I've no idea where the recipe for the Mocha Torte came from - it was passed to me by a friend, and I changed it slightly, so I think it's OK to pass it on unattributed. It consists of a light gelatine based mousse (no cream) on a biscuit base, with a topping of shards of chocolate covered popping candy. Sorry about the rough photo - I forgot to take one until it had been served!
Mocha Torte
Base
200g plain chocolate digestive biscuits
100g melted butter
100g melted butter
Mousse
150g plain chocolate - at least 70%
4 large eggs
4 fl oz (just over 100mls) strong black coffee, made with 2 teaspoons instant coffee, still hot
1 fl oz (about 2 tablespoons) Tia Maria
100g caster sugar
6 sheets of leaf gelatine, soaked in cold water to soften4 fl oz (just over 100mls)just boiled water to dissolve gelatine after soaking
Chocolate Covered Popping Candy
100g plain chocolate - see link
25ml flavourless oil
50g popping candy
Method
Crush biscuits and add the melted butter, mix well and press firmly into a 23cm (9") round deep springform tin. Refrigerate to cool.
Melt chocolate carefully over a bowl of hot water.
Beat egg yolks and sugar in processor (or with a hand mixer) until pale and smooth.
Pour in hot coffee and Tia Maria and re process, while whizzing slowly pour in dissolved gelatine.
Blend in the melted chocolate and allow mixture to cool for 20- 30 mins.
Whisk egg whites until quite stiff then fold into the chocolate mixture.
Pour on top of biscuit base and leave to cool and set.
Decorate with chocolate covered popping candy made following this method from Heston Blumenthal.
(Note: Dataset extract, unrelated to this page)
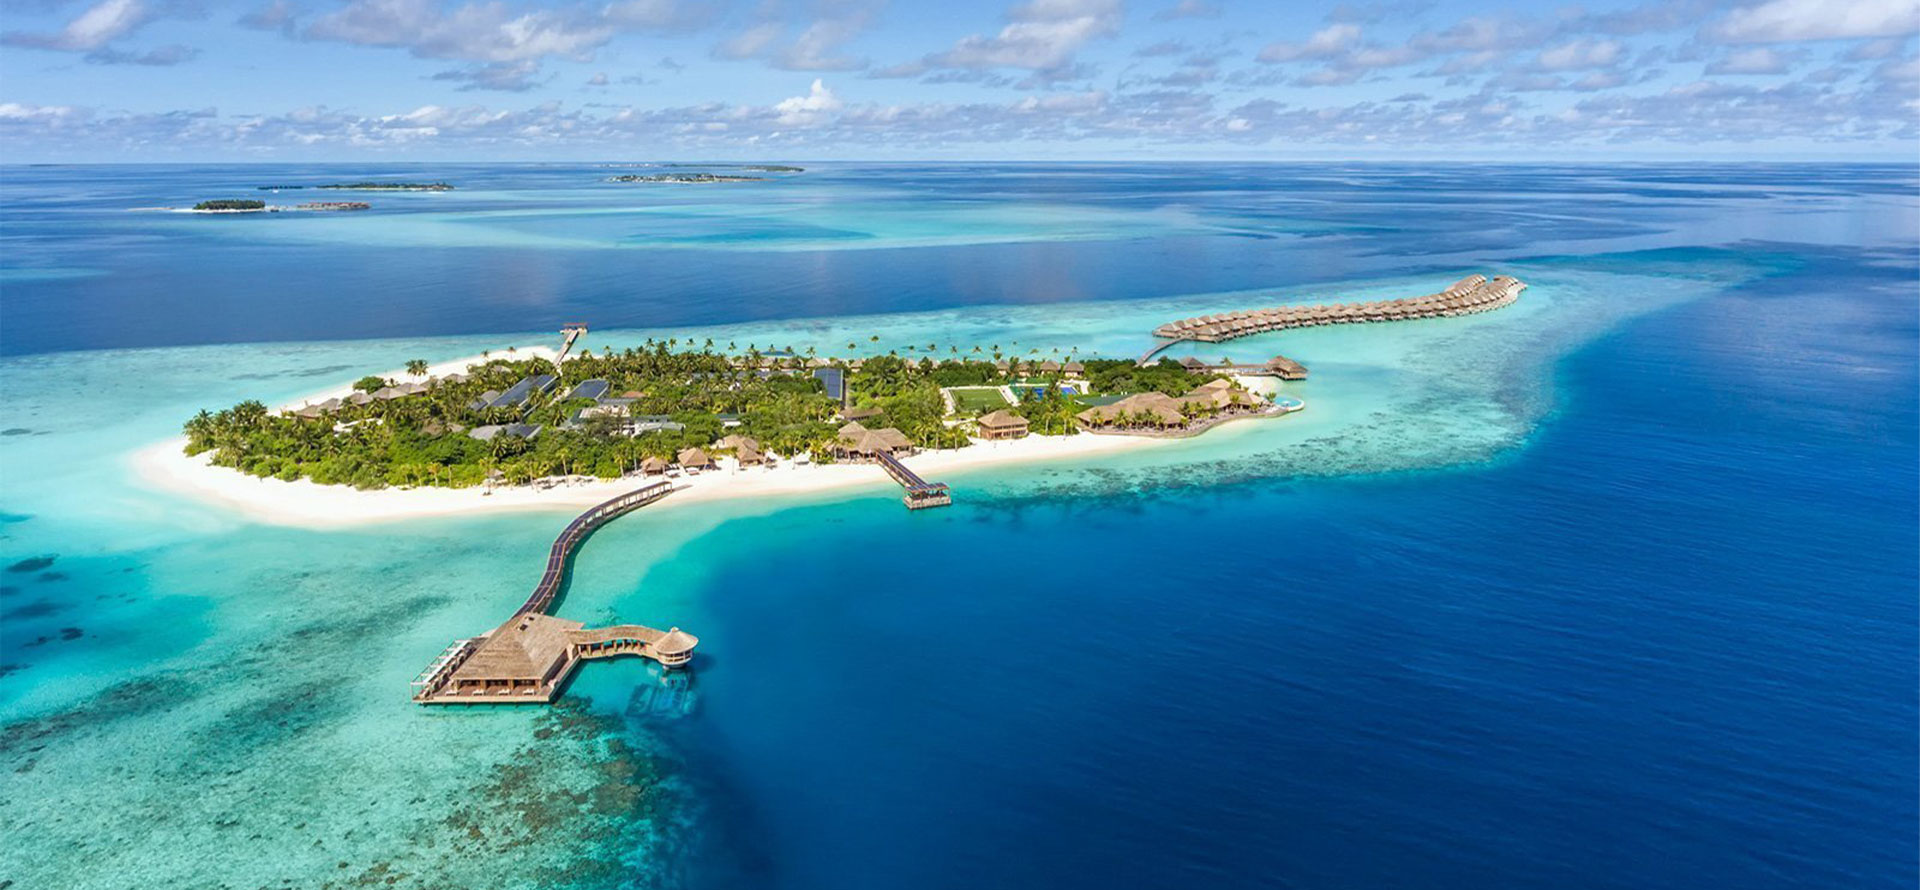 Maldives and bora bora islands.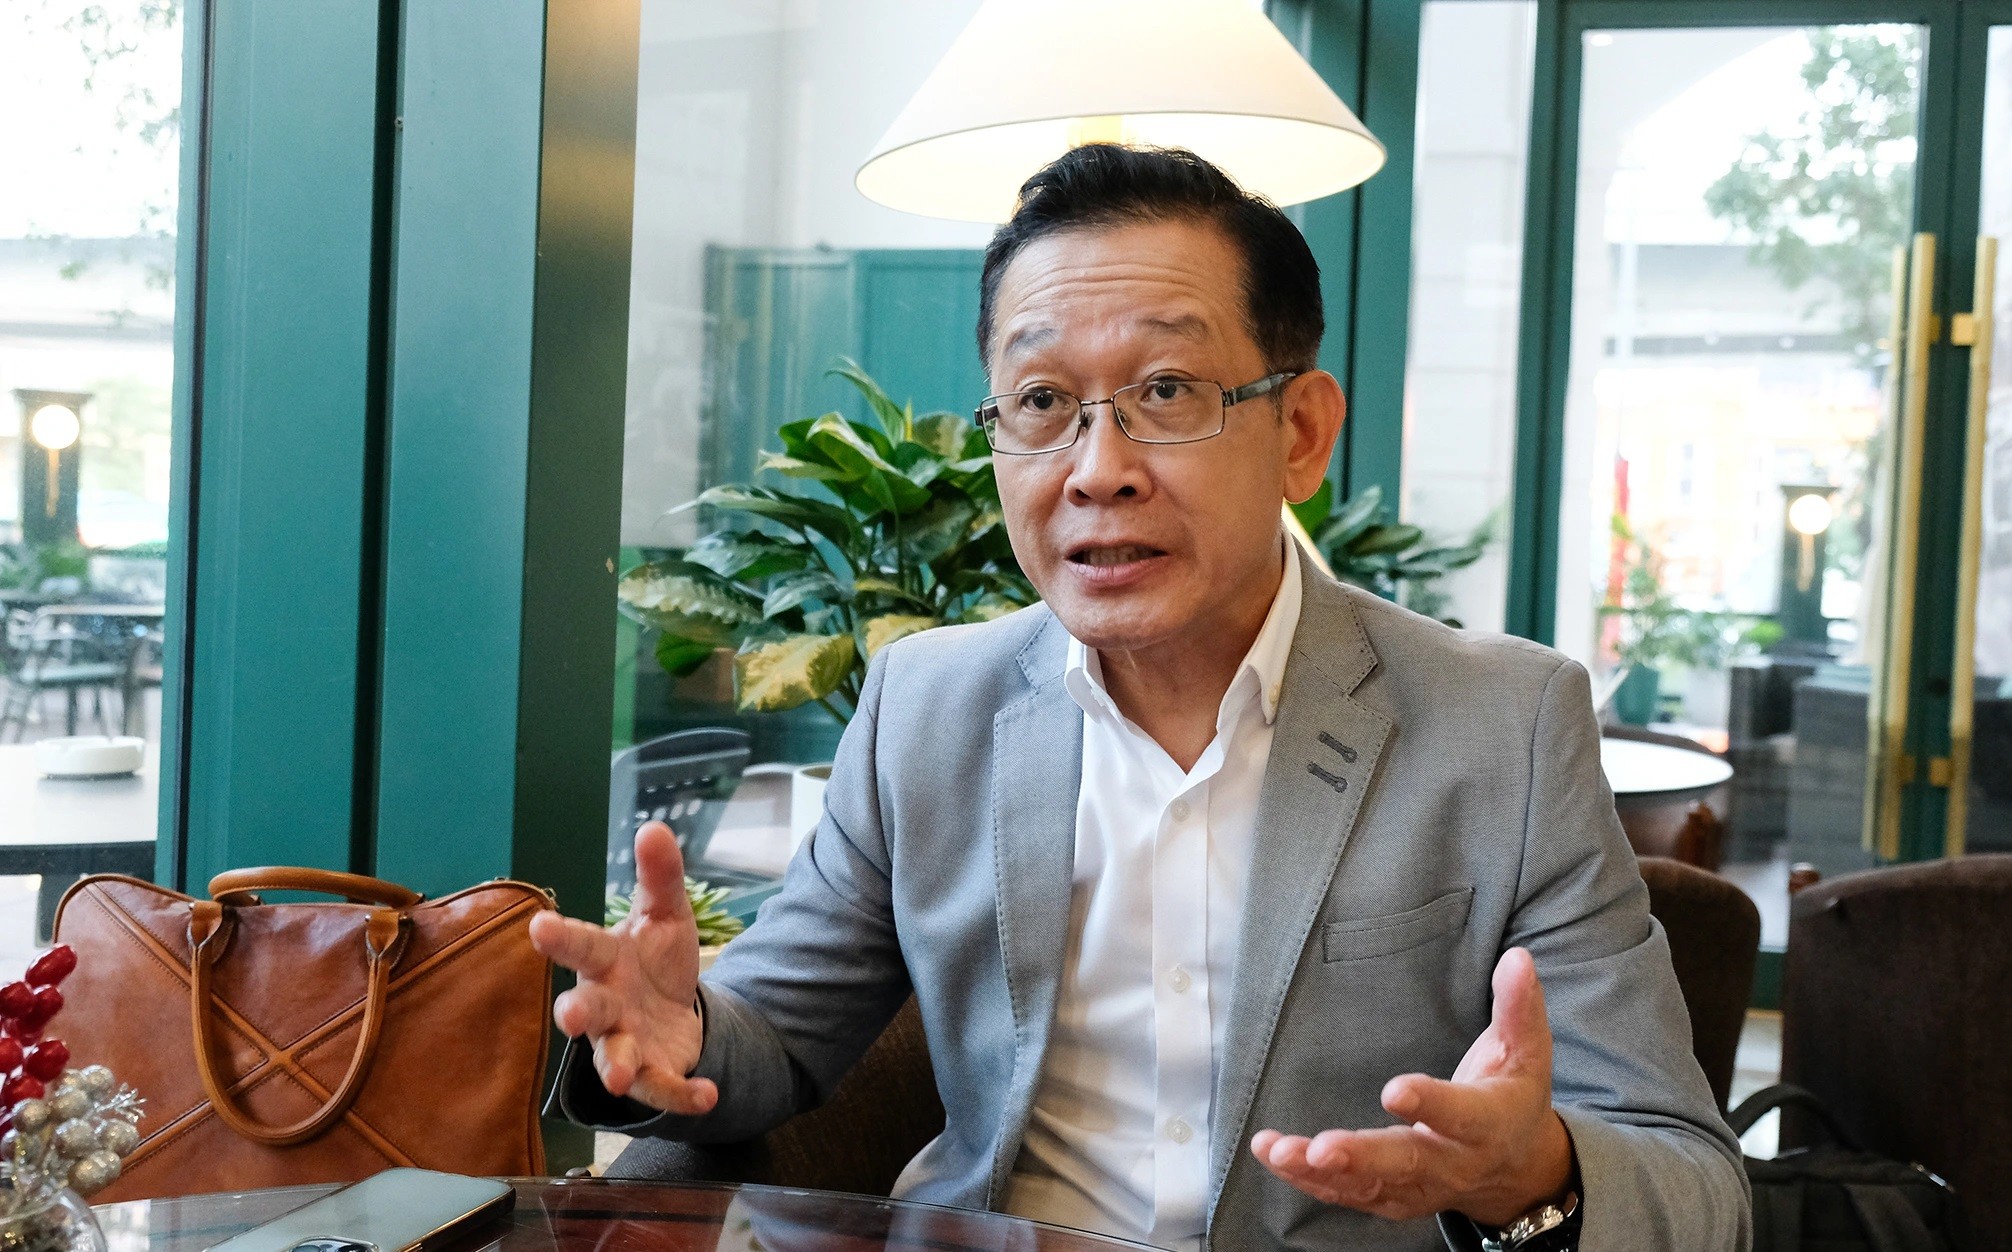 
Ông Hans Nguyễn từng quản lý danh mục đầu tư lên đến 5 tỷ USD ở Ngân hàng UBS của Thụy Sĩ

I made it without the spices, which I didn't think would compliment the coffee flavour.
I'll skip over the Clementine, Saffron and Polenta Cake, except to say that I was following this recipe from Waitrose. I think my mistake was to try to make it nut free. I used SR flour instead of ground almonds. I did look at various recipes online, and found several of this sort which used flour, so I didn't expect it to turn out so badly. It was just about edible - most people tried a sliver out of politeness and my mother took home half of what was leftover to eat warm with custard!
The mincepies were made with my standard sweet shortcrust pastry recipe, with the addition of the finely grated zest of an orange. Here's the pastry recipe, but I don't think there's any need to tell you how to make mincepies. This amount of pastry, plus one standard jar of mincemeat makes 24 mincepies, for me, but obviously the size of your mincepie moulds and how thinly you roll the pastry will make a difference.
Sweet Shortcrust Pastry: 500g SR flour; 250g butter, or a mixture of butter and lard; 75g icing sugar; zest of one medium orange; 1 large egg; cold water to mix. Rub the fat into the flour, sift in the icing sugar and mix in the orange zest. Add the egg and enough cold water to make a soft but not sticky dough. Knead briefly, wrap in clingfilm and refrigerate for 20 minutes before use. The use of SR flour and some lard makes the pastry soft and crumbly.